These files will be supplied to the Alexa service later as well.
The skill code is made up of two primary files: index.js
and AlexaSkill.js
. AlexaSkill.js
is simply the same as the provided sample - no changes necessary.
index.js
needs to require AlexaSkill.js
. Mine also imports the features.js
file generated earlier, the data.json
file and a module I called createResponse.js
that we'll discuss in a bit.
var AlexaSkill = require('./AlexaSkill'),
features = require('./features'),
data = require('./data/data'),
createResponse = require('./createResponse');
Let's look at the primary intent method called CanIUseIntent
(note: I won't look at the help, cancel or other intents as the only thing different from the sample is the text of the response for help).
"CanIUseIntent": function (intent, session, response) {
var featureSlot = intent.slots.Feature,
featureName;
if (featureSlot && featureSlot.value){
featureName = intent.slots.Feature.value.toString().toLowerCase();
}
var cardTitle = "Can I use " + featureName,
feature = features[featureName],
featureResponse,
speechOutput,
repromptOutput;
if (feature == undefined) {
featureResponse = "I'm sorry, I currently do not know the feature for " + featureName + ".";
}
else {
featureResponse = createResponse(data,data.data[feature]);
}
speechOutput = {
speech: featureResponse,
type: AlexaSkill.speechOutputType.PLAIN_TEXT
};
response.tellWithCard(speechOutput, cardTitle, feature);
}
The code here is relatively simple. First, I get the value that is passed by the custom slot type, which is available as intent.slots.Feature
(remember, I gave it the name Feature
within the intent schema). This value is used to search for a matching key in the features.js
file I generated earlier. Assuming it does find a match, I pass this data to a createResponse()
method that will return the text of our response. This is where things get slightly more complicated.
There are two parts to turning Can I Use data into a spoken language response. The first is determining what we want to return. There is a lot of data about various browser versions, which makes sense given the support table that Can I Use is known for. However, this does not make sense for a spoken response.

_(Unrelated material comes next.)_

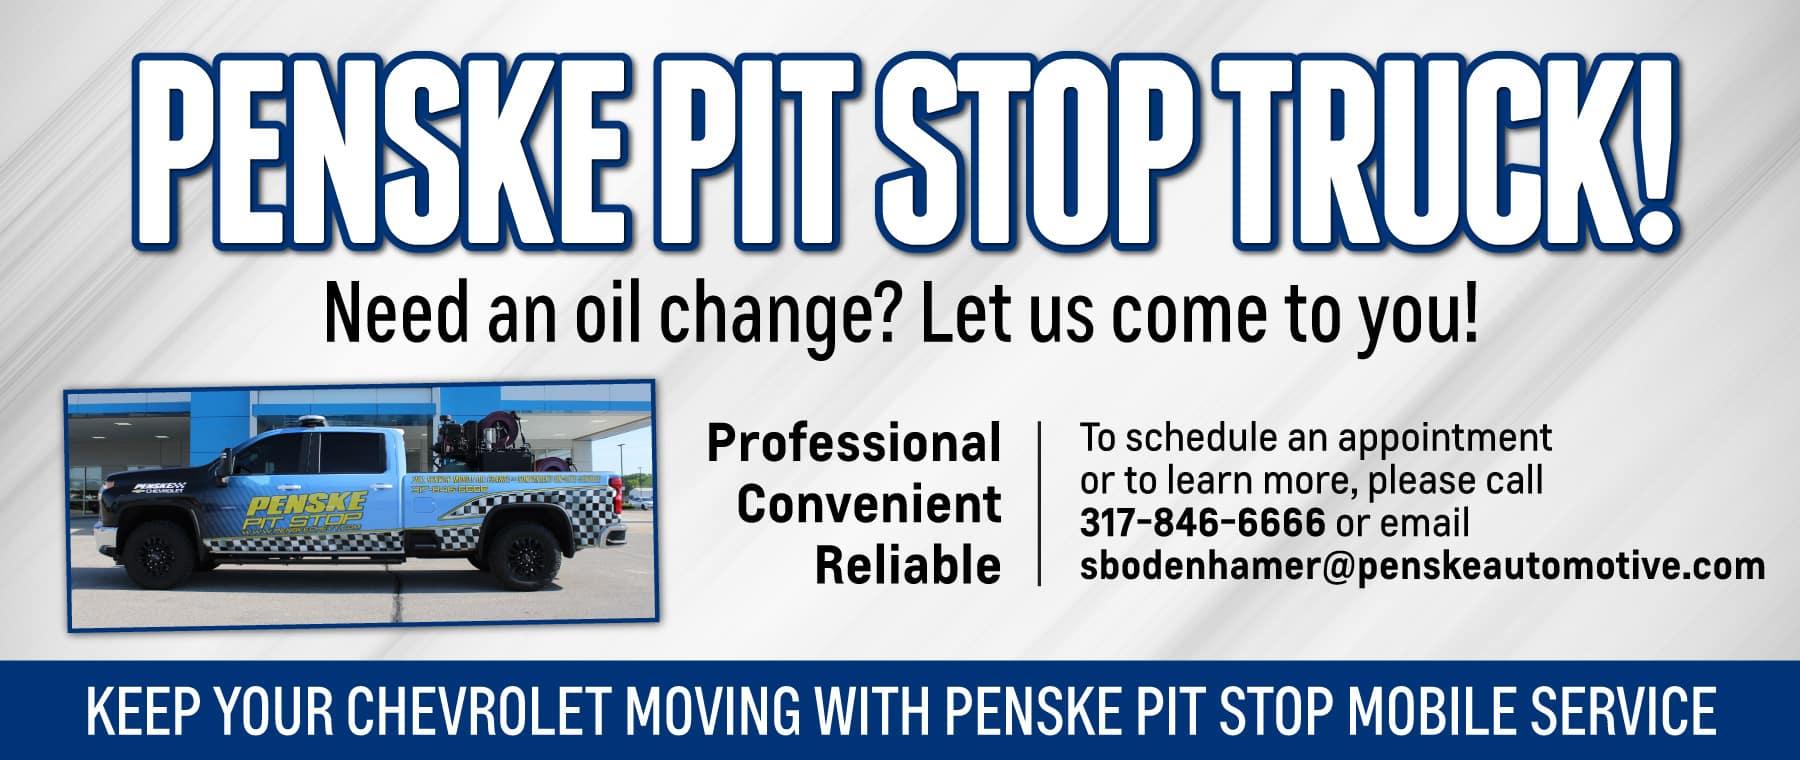 Penske Pit Stop Truck - Need an Oil Change? Let Us know!

The fist assumption I made is that a user wouldn't typically care about every version Can I Use has data on, but only the widely used mobile and desktop browsers that the site lists by default. I started by mapping these out so that the key in the data (i.e. "ie") maps to what I want Alexa to say (i.e. "Internet Explorer"). I kept mobile and desktop separate so that I could make a more comprehensible response - as we'll explore momentarily.
var desktop = {
"ie":"Internet Explorer",
"edge":"Edge",
"firefox":"Firefox",
"chrome":"Chrome",
"safari":"Safari",
"opera":"Opera"
}
var mobile = {
"ios_saf":"IOS Safari",
"op_mini":"Opera Mini",
"android":"Android Browser",
"and_chr":"Android Chrome"
}
The other assumption was that a person asking Alexa something like "Can I use arrow functions?" would be primarily interested in support on the current version of browsers rather than all prior or future versions. On the site, the current version is the one with the dark gray background (see the image above).
Unfortunately, in the data, it is not obvious which is the current version - it takes a little bit of massaging of the data.
// figure out which key is the current version. not sure if this ever changes
var eras = Object.keys(data.eras),
current = eras.indexOf('e0');
// now get the current version for each of the above browsers
for (var desk_browser in desktop) {
currentVersion = data.agents[desk_browser].versions[current];
if (feature.stats[desk_browser][currentVersion] == 'y') {
desk_supported.push(desktop[desk_browser]);
}
else if (feature.stats[desk_browser][currentVersion] == 'n') {
desk_unsupported.push(desktop[desk_browser]);
}
else {
desk_partial.push(desktop[desk_browser]);
}
}
I repeat the same loop for the mobile browsers as well. As you can see, I separated them into three categories: fully supported, partially supported and unsupported. The Can I Use data and site has a much greater level of detail, but, again, that doesn't make sense from a spoken response standpoint.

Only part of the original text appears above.